Supplied data.
+ + + + +
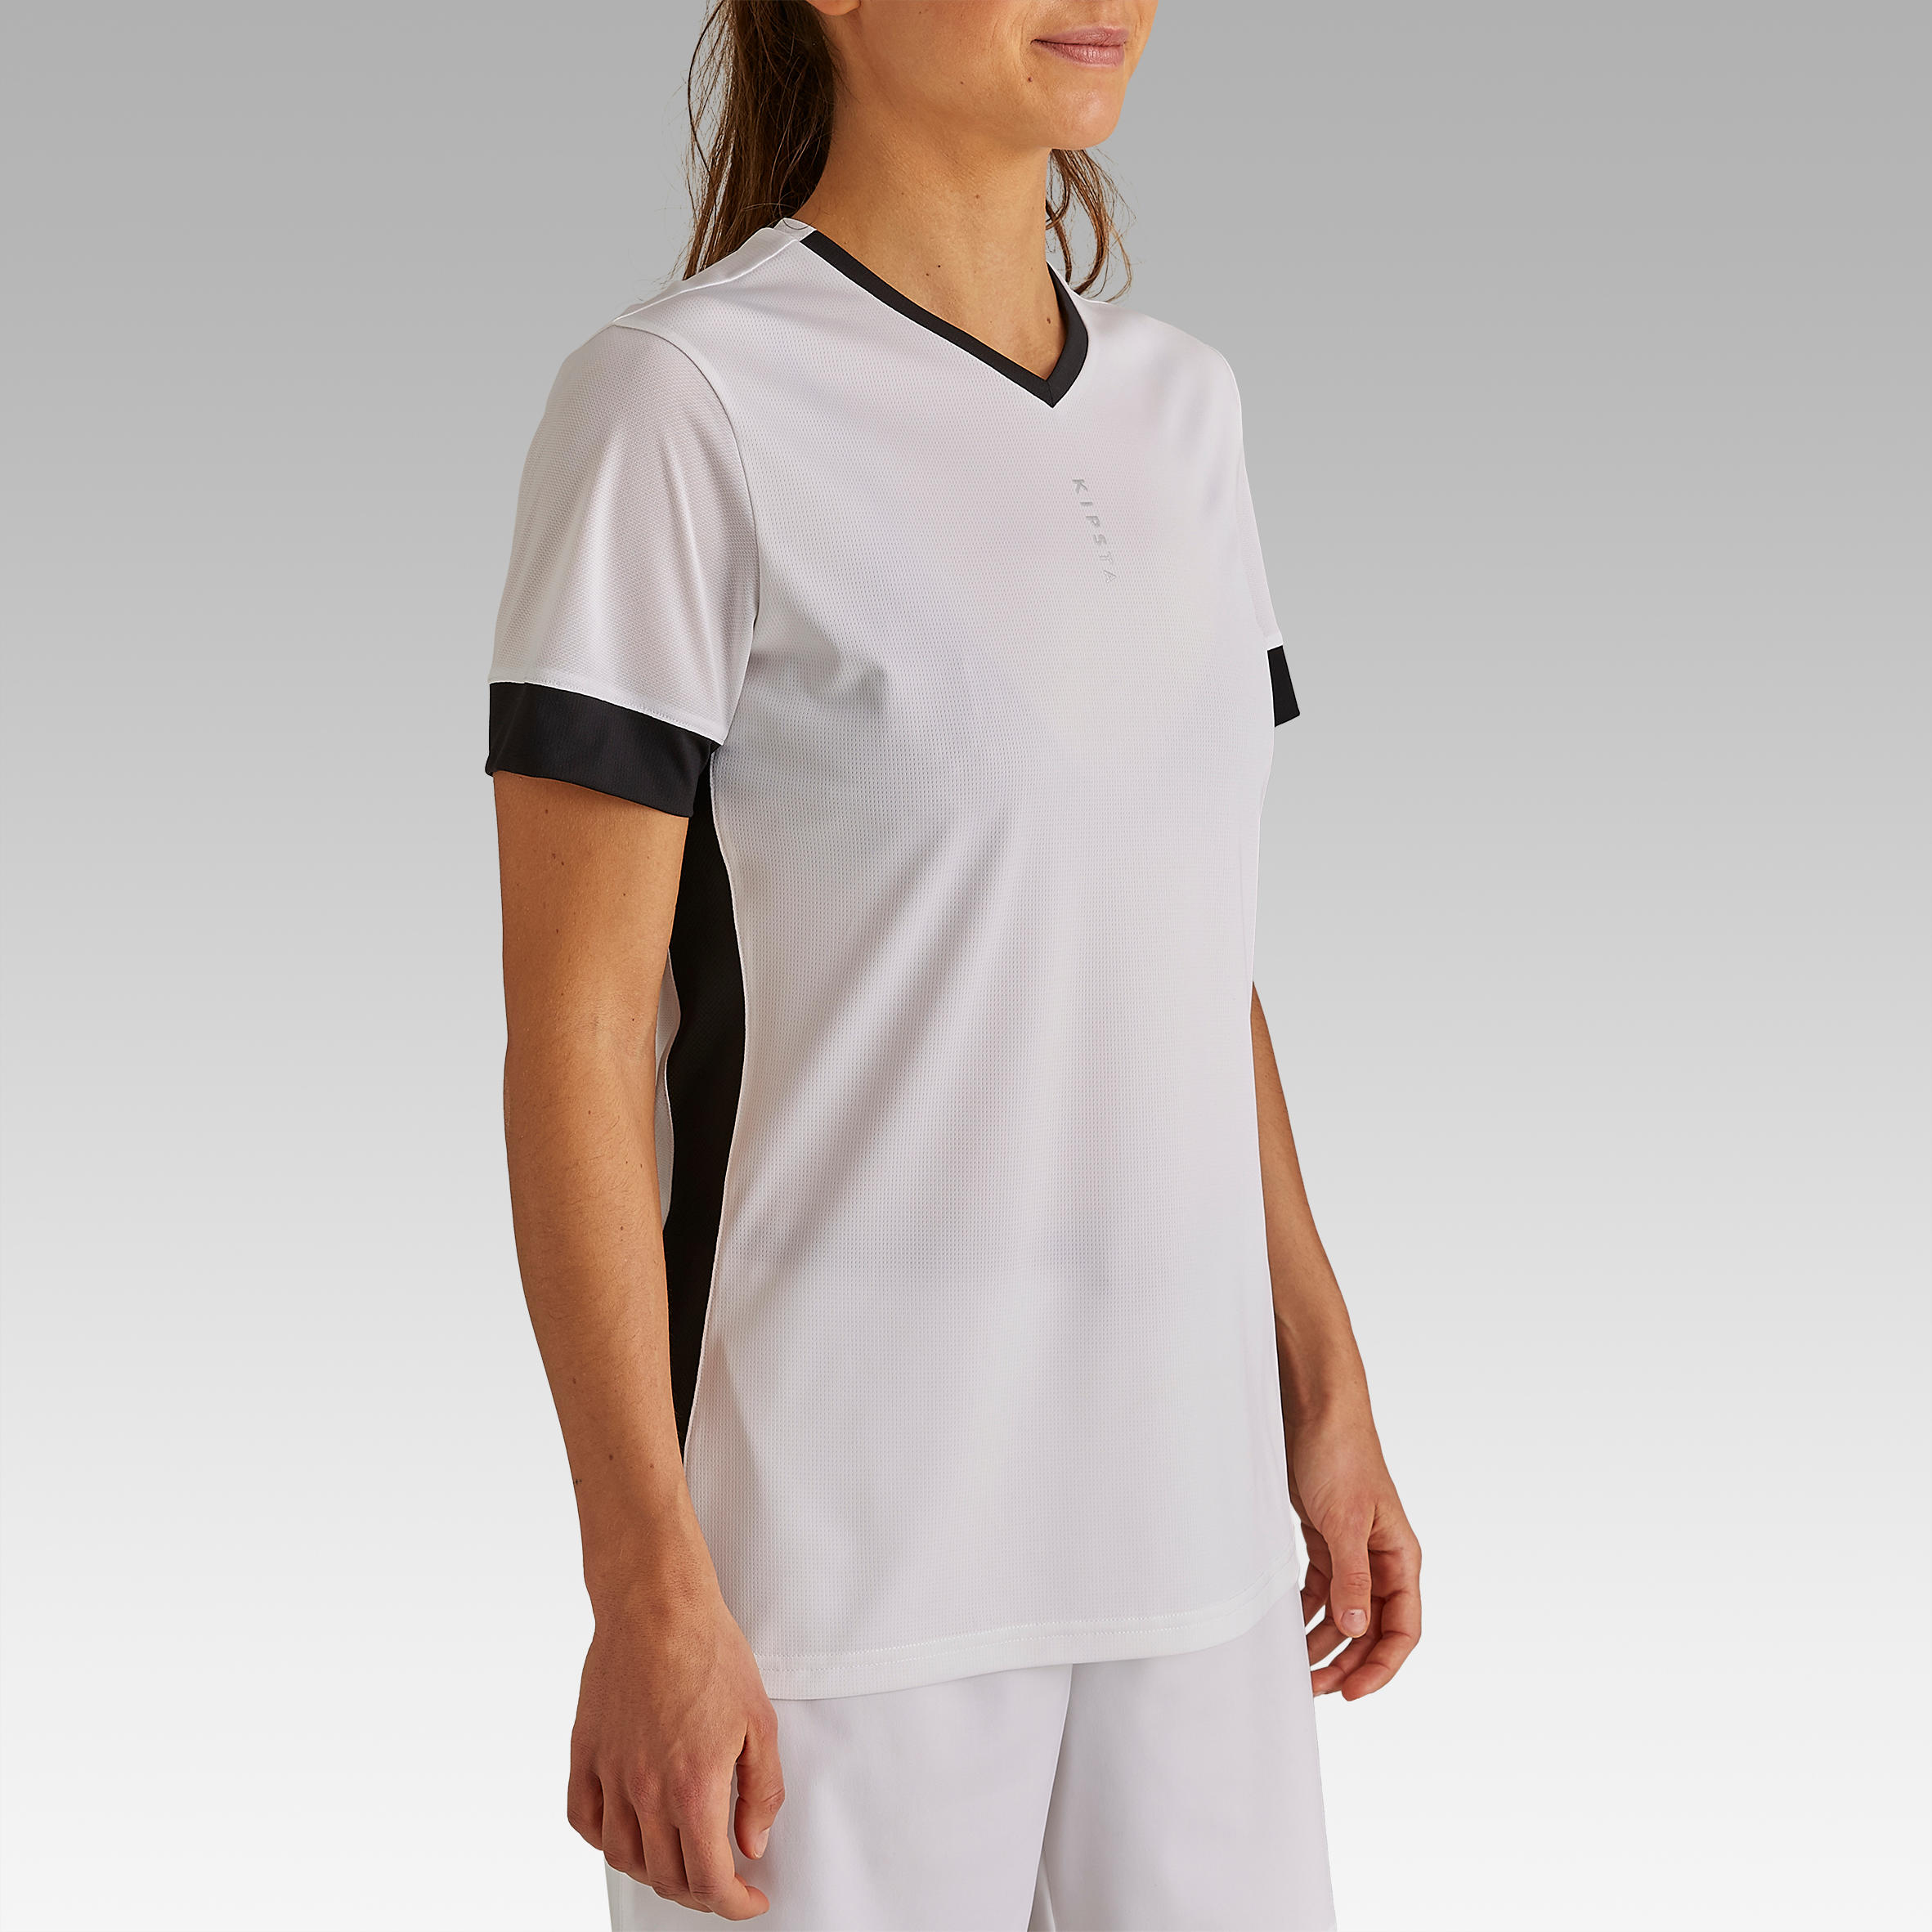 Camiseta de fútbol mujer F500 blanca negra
+ + + + +
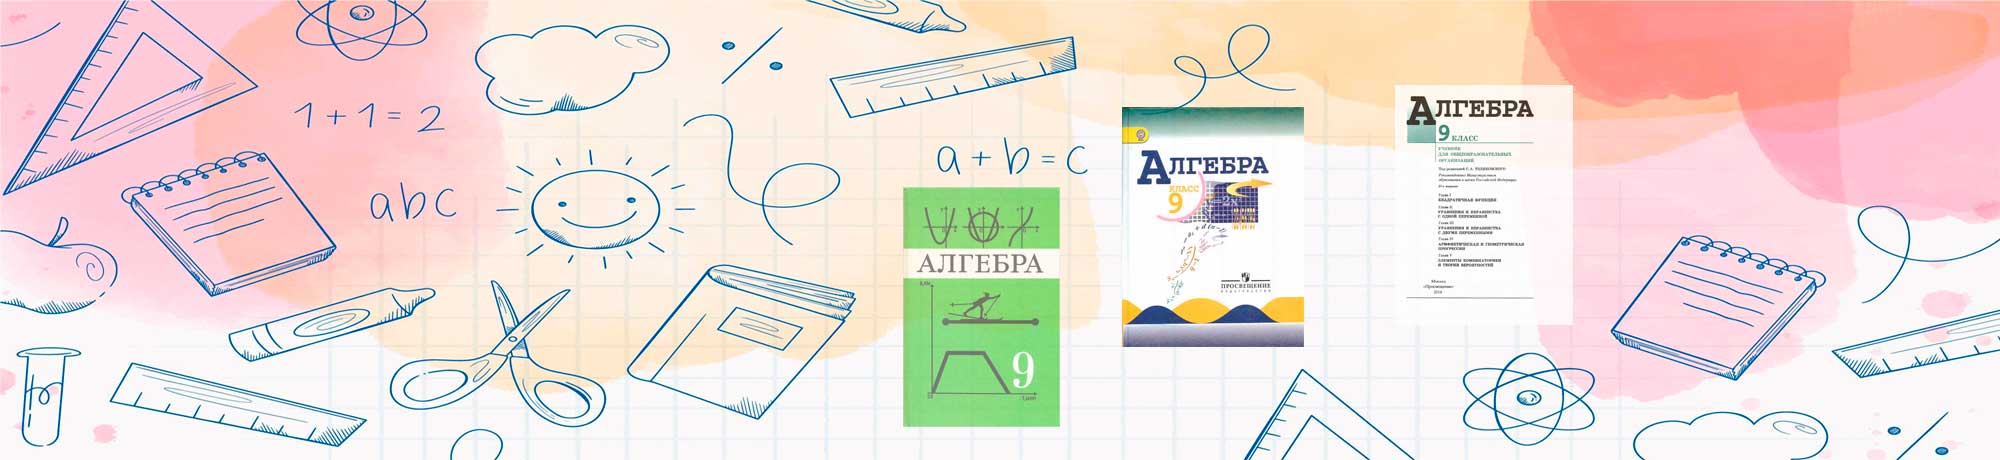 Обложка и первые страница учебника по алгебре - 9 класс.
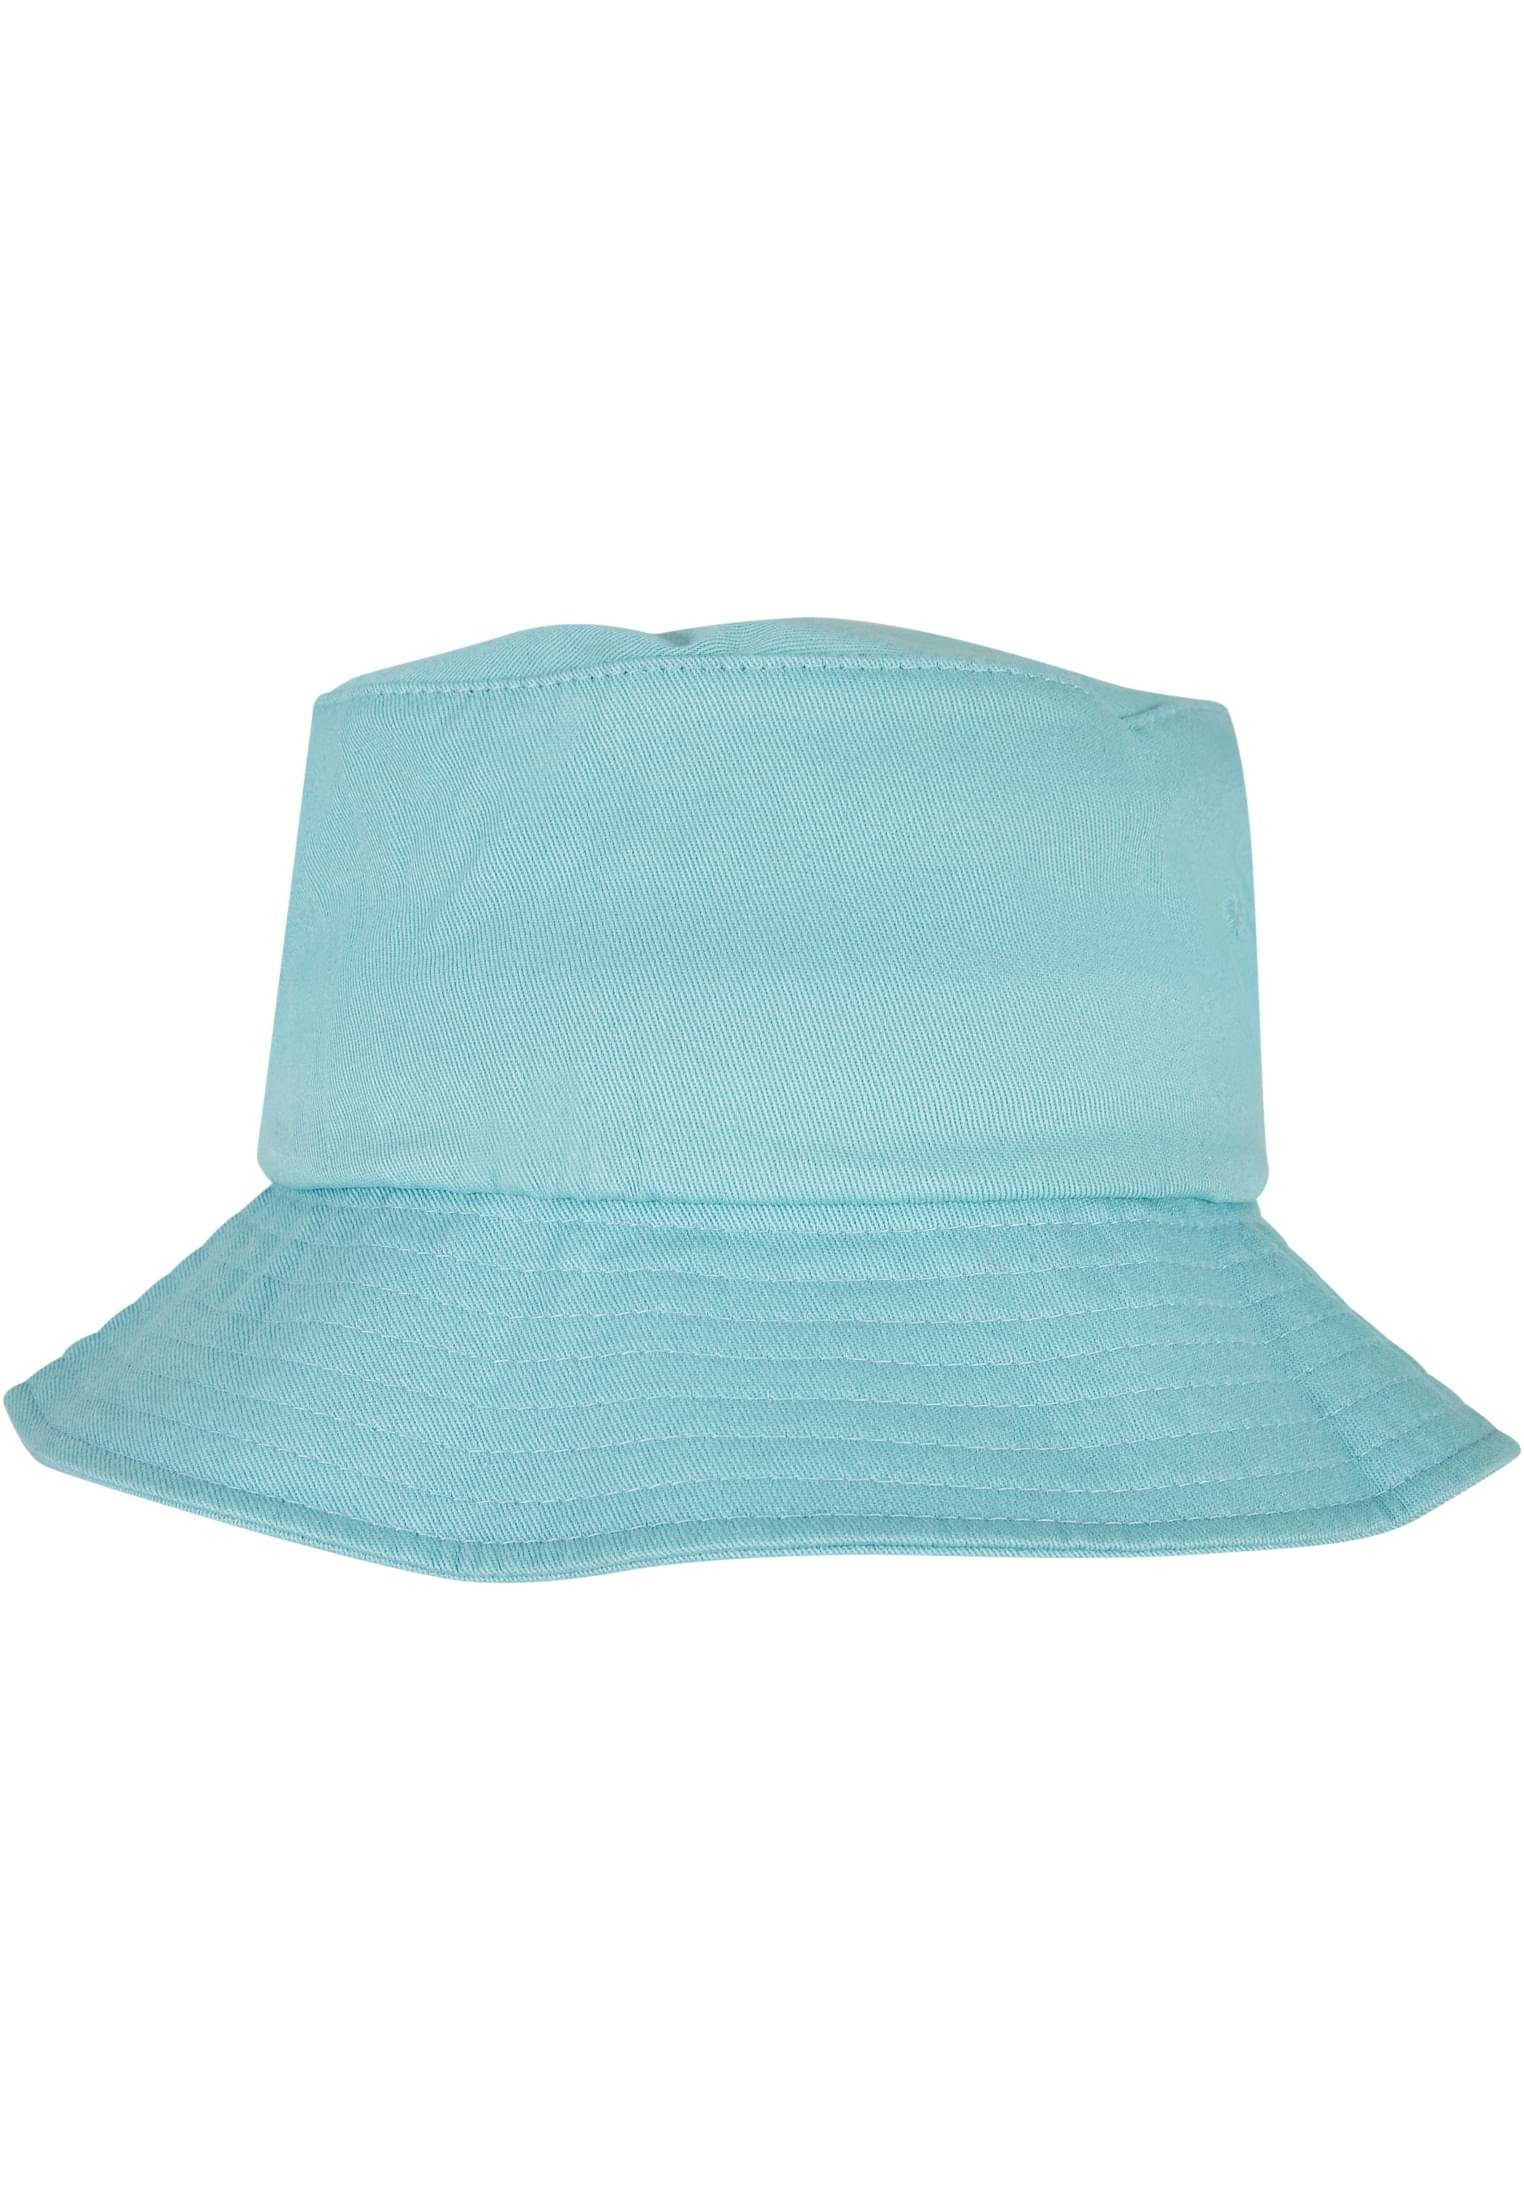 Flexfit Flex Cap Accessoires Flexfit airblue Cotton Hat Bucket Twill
+ + + + +
What to do. Above are the records; please give again, exactly and in full, only the lines that run from the line with "Обложка и первые" through the line with "Flexfit Flex Cap", with no pictures.

Result of the task.
 Обложка и первые страница учебника по алгебре - 9 класс.
 Flexfit Flex Cap Accessoires Flexfit airblue Cotton Hat Bucket Twill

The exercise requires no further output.